Why In-Flight Wi-Fi Is a Great Business
Worldwide, there are over one million commercial airline flights each year. In the U.S. alone, roughly 87,000 flights take place per day, including commercial airlines, as well as private planes and air taxi flights. With population rising, and the economy gradually recovering, the number of flights should continue rising in the next few years.
As the number of flights per year increases, demand for in-flight services like Wi-Fi, video, and music streaming should also rise. Gogo , a leading provider of in-flight broadband Internet service for commercial and business aircraft, is an example of how to benefit from a rising demand for in-flight services.

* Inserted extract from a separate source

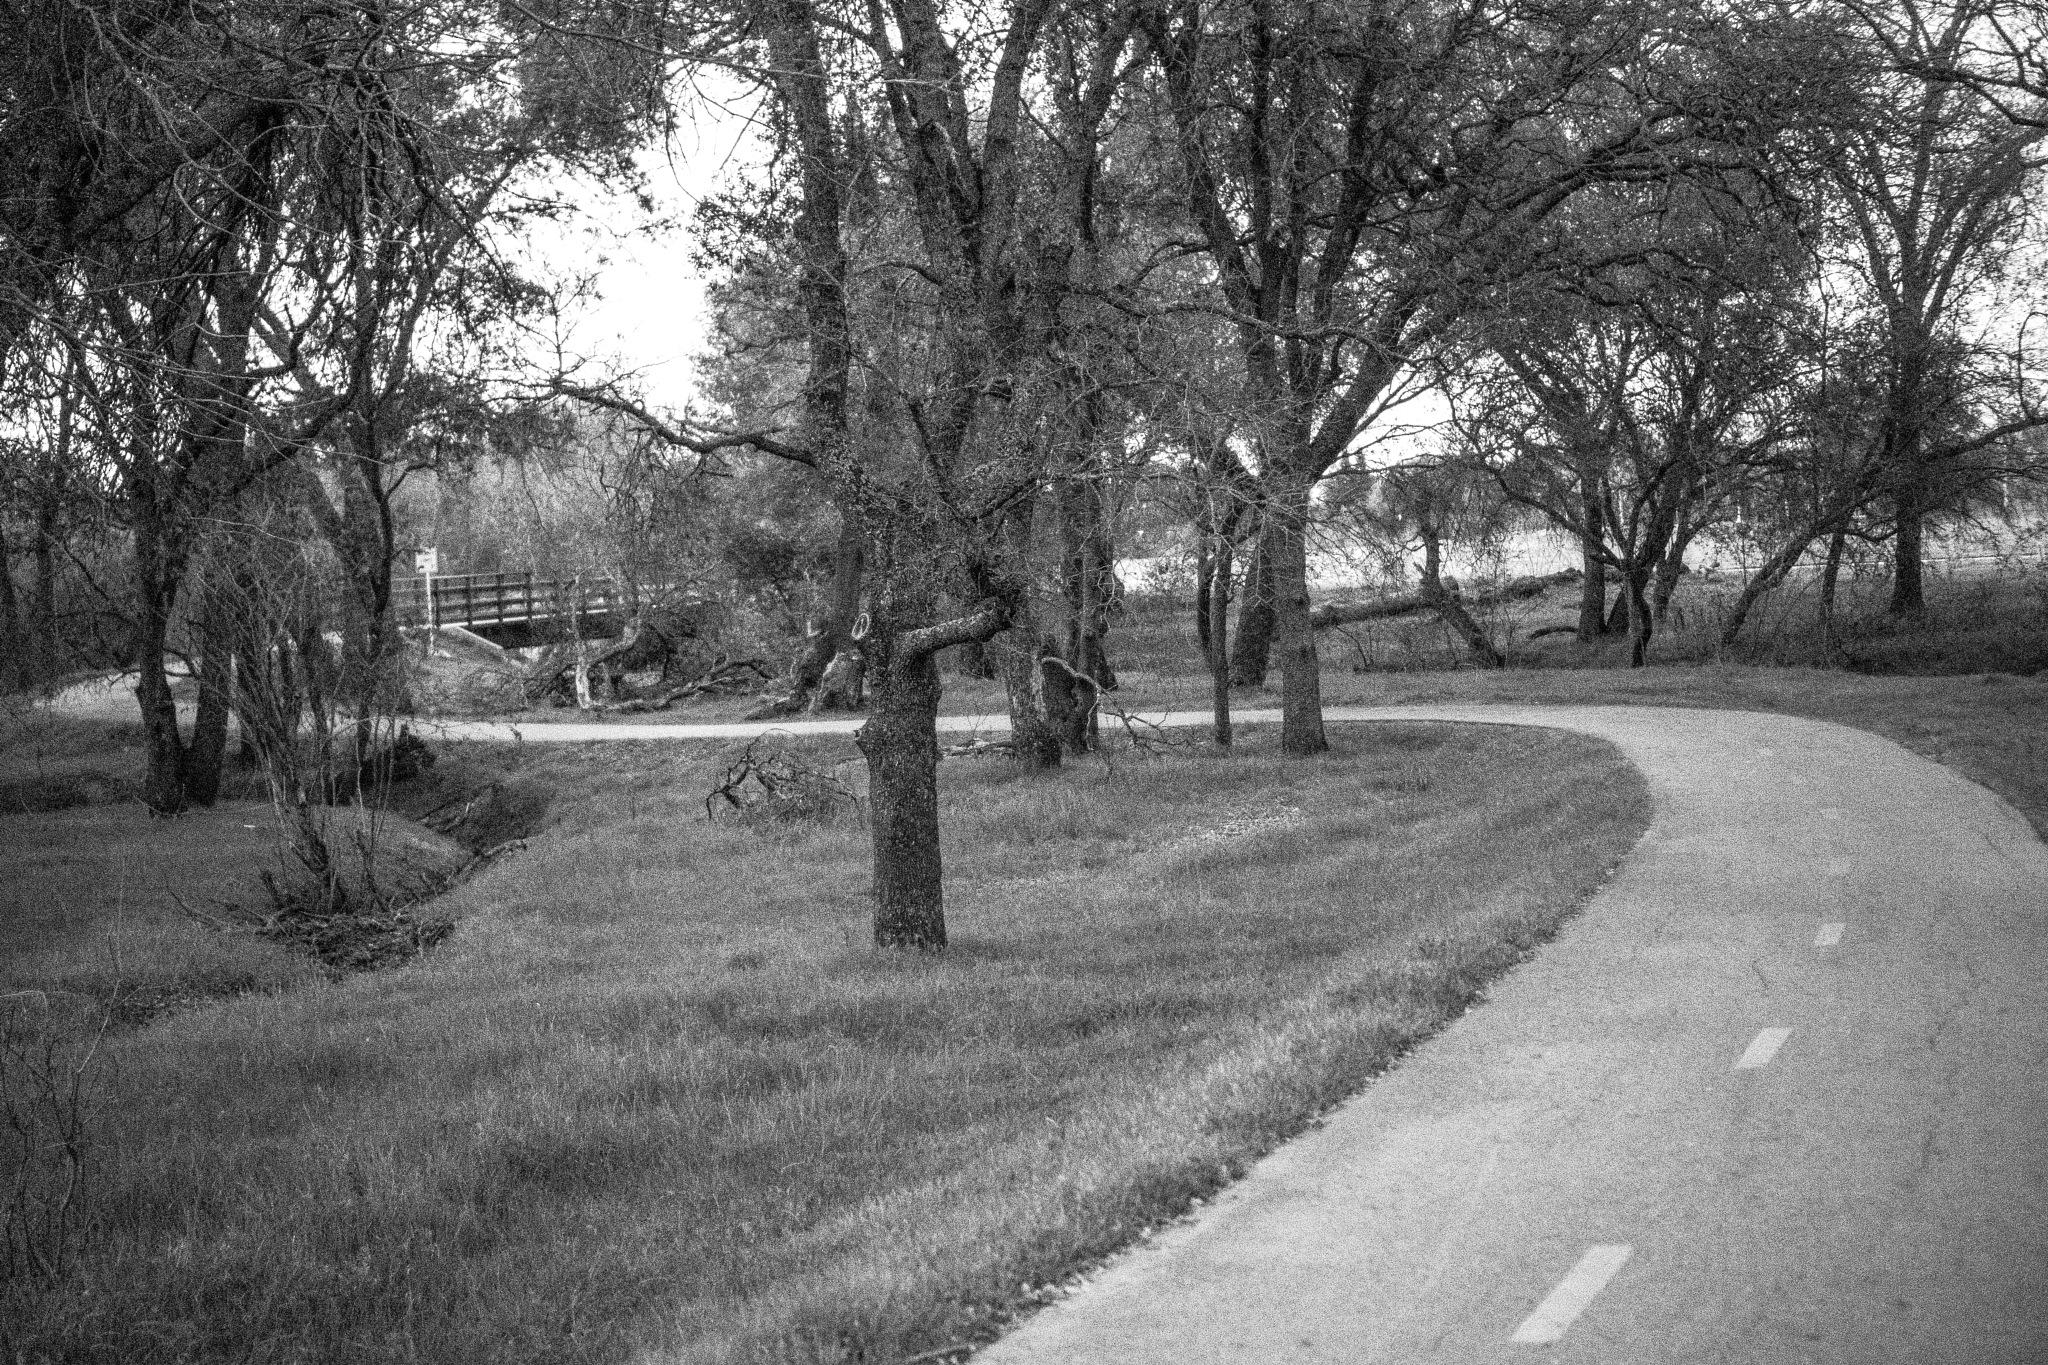 Bike Trail by James Hicks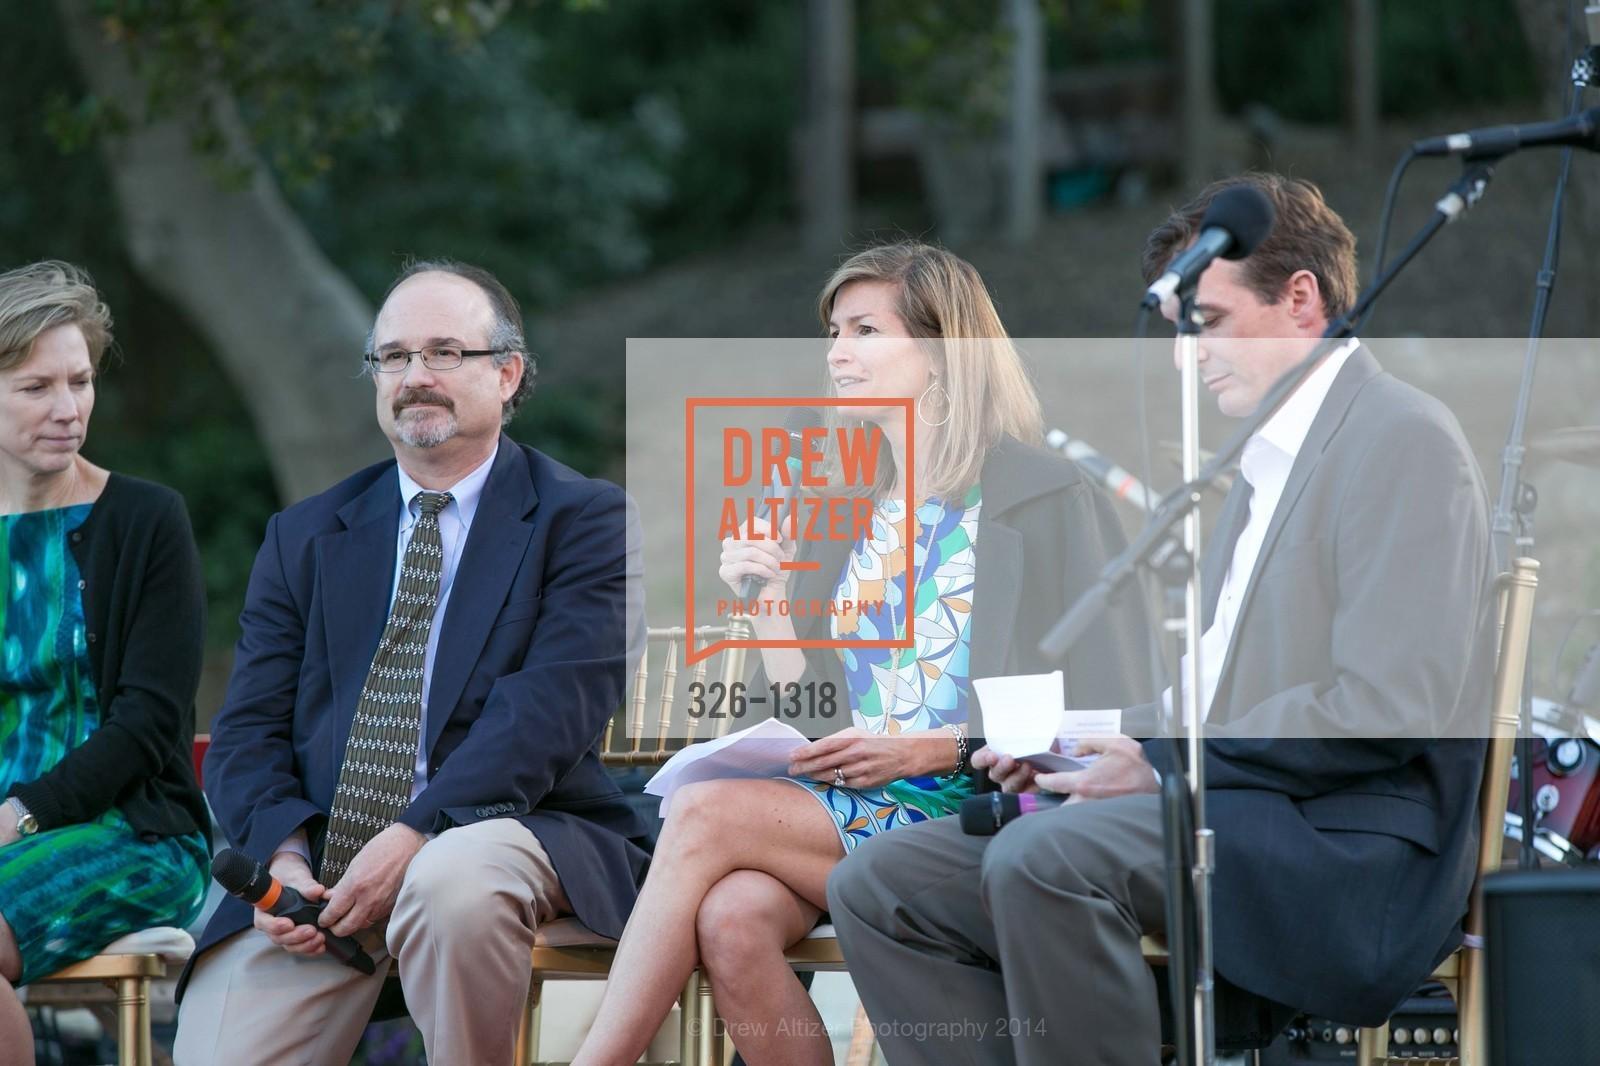 Wendy Adams, John Aucott, Carin Rollins, William Robinson, Bay Area Lyme Foundation's LymeAid 2014, 884 Portola Road, Suite A7. Portola Valley, CA 94028, April 27th, 2014

Source: Gogo Investor Relations, Presentation slides
The idea behind Gogo was born in a barbecue restaurant in Texas, where company founder Jimmy Ray sketched his idea for an affordable telephone system for private airplanes on a paper napkin. In this way, the company started its business by providing analog-based voice communications on private flights.
However, the real growth story started after 2008, when Gogo launched its robust Internet access service on commercial flights. The company soon saw a massive improvement in top-line performance and went public in June 2013. Since then, shares have risen more than 24% to date.
A great business model
As an early mover in the in-flight Wi-Fi segment, Gogo enjoys several advantages. First, it has the largest number of online aircraft in service, with more than 2,000 planes connected. This is equivalent to more than 7,000 daily flights.
That being said, most of Gogo's business is concentrated in North America, where the company has an 80% market share. There is plenty of room left for growth in overseas markets, where in-flight Wi-Fi is still unknown to most consumers.
This is why Gogo is securing satellite and terminal contracts, and is looking for partnerships with foreign airlines to expand its service globally. Note that Gogo has already secured contracts for Delta's international fleet, and partnerships with main foreign airlines may be on the way.
To protect its market share, Gogo invests heavily in technology. The company is said to have invested more than $220 million since its launch, and roughly 36% of its total employee base is comprised of technology staff.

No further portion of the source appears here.